Copying exactly, give the lines in the material below from the one with "Дизайн Landing Page" to the one with "Buchstaben Schreiben Lernen", ends included, and nothing besides.

_Given data_
○ ○ ○

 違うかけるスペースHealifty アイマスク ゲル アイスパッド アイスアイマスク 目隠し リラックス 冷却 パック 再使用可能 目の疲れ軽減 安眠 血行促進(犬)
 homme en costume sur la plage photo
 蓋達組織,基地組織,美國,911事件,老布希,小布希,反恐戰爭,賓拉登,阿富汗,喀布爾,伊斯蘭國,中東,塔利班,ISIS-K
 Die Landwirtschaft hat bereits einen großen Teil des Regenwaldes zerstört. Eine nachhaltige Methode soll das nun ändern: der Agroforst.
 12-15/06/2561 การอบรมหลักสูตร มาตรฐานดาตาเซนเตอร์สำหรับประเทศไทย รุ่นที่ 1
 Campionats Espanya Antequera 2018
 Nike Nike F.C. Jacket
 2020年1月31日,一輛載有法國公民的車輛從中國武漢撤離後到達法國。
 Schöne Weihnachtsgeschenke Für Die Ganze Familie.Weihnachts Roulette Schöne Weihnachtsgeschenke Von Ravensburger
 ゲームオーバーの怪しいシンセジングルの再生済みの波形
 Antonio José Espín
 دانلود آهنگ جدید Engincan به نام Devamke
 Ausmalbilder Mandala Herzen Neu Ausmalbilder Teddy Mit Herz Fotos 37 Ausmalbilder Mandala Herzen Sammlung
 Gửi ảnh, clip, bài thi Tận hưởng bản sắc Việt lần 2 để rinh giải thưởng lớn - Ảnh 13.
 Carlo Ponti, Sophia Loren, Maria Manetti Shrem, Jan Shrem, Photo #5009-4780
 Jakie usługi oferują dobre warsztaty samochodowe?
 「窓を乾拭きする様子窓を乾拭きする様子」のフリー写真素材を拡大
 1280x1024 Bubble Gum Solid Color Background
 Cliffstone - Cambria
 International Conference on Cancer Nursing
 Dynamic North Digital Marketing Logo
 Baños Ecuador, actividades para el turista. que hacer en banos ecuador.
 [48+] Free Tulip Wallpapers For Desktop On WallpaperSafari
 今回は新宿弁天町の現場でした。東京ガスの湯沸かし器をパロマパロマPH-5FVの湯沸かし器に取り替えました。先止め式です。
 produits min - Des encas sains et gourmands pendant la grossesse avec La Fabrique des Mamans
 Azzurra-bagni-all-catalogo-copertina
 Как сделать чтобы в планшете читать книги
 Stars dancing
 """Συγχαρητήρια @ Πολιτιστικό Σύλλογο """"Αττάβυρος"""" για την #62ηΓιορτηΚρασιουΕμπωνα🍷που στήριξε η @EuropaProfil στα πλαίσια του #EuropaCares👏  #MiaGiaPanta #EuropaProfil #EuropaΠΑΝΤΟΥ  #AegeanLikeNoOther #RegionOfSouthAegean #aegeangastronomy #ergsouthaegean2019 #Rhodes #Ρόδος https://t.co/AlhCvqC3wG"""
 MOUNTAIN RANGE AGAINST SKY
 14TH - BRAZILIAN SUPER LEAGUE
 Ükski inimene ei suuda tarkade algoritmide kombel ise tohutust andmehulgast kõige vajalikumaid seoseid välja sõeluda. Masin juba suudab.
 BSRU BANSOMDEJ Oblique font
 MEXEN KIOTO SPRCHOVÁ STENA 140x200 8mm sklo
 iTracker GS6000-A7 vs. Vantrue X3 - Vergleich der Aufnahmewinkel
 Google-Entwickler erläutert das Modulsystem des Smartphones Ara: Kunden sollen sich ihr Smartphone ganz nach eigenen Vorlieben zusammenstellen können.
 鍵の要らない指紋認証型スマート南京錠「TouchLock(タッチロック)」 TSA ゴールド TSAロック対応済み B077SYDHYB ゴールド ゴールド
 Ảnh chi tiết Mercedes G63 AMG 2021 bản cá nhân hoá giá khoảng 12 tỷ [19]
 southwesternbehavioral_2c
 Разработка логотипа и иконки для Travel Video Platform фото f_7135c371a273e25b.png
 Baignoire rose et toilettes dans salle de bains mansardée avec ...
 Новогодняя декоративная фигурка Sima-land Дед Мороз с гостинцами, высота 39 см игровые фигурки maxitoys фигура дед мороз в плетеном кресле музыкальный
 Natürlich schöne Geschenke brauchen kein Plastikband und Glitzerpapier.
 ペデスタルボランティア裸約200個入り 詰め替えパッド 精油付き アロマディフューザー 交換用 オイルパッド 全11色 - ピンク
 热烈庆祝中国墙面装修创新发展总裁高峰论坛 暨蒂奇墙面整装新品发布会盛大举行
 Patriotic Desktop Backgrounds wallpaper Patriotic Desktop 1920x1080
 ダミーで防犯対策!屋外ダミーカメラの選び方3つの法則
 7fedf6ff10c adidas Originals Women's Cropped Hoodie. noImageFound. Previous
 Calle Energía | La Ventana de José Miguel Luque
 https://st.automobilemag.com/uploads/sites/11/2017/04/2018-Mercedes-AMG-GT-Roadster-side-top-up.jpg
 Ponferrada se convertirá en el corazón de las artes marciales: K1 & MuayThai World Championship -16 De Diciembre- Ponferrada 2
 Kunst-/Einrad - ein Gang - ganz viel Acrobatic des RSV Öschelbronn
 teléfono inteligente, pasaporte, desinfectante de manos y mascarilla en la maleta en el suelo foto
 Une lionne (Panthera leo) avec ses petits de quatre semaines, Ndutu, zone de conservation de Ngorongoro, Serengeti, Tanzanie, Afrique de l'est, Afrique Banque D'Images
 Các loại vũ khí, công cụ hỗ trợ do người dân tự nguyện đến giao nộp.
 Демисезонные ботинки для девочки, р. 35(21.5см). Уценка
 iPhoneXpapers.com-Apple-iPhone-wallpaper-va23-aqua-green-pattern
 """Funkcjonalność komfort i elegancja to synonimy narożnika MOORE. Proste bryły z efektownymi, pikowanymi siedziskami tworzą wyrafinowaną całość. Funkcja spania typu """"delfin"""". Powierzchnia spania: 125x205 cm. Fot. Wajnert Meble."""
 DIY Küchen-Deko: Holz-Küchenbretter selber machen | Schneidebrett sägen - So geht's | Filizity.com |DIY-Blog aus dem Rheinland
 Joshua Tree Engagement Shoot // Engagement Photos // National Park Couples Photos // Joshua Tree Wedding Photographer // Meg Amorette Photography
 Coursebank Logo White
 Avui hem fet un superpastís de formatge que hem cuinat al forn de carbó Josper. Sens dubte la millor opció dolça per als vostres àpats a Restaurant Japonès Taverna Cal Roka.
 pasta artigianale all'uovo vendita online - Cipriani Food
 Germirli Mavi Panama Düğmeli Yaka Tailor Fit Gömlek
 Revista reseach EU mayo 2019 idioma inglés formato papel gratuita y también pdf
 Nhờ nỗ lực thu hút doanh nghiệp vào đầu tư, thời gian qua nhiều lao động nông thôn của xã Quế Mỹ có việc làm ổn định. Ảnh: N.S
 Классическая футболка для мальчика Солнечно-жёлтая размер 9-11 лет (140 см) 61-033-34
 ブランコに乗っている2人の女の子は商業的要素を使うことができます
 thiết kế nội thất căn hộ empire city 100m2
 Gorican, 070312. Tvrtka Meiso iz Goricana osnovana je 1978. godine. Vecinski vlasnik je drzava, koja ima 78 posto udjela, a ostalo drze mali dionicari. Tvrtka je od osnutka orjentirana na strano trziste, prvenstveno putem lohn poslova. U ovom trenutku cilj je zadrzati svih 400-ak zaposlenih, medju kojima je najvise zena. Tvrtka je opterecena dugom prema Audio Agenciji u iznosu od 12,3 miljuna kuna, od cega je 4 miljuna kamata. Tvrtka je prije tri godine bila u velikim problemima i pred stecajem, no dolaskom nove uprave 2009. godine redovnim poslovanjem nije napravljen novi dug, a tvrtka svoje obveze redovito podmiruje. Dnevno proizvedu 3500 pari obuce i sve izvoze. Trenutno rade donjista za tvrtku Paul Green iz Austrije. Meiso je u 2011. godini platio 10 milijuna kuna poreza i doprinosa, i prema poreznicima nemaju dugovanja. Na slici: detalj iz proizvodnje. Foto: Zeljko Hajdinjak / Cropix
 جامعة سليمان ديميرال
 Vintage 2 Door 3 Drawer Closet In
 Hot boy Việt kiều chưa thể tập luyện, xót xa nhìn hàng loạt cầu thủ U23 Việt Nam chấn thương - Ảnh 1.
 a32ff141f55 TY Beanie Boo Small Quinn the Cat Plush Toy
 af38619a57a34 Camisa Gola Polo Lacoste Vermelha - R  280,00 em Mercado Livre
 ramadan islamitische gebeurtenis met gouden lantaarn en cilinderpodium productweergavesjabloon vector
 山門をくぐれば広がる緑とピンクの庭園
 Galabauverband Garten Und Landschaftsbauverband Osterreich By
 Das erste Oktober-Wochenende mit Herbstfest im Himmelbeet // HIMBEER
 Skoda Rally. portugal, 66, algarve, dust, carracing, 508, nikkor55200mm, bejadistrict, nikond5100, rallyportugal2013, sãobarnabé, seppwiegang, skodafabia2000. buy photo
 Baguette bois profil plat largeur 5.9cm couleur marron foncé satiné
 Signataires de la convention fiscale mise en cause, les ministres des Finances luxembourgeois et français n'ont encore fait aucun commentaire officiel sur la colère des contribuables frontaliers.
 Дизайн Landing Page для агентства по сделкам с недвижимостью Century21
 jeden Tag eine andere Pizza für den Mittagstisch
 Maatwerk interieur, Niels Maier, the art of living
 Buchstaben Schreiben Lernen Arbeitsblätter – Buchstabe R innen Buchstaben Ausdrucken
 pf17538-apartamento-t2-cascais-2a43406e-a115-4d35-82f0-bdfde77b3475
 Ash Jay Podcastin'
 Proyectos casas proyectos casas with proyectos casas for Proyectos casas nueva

○ ○ ○

_Answer_
 Дизайн Landing Page для агентства по сделкам с недвижимостью Century21
 jeden Tag eine andere Pizza für den Mittagstisch
 Maatwerk interieur, Niels Maier, the art of living
 Buchstaben Schreiben Lernen Arbeitsblätter – Buchstabe R innen Buchstaben Ausdrucken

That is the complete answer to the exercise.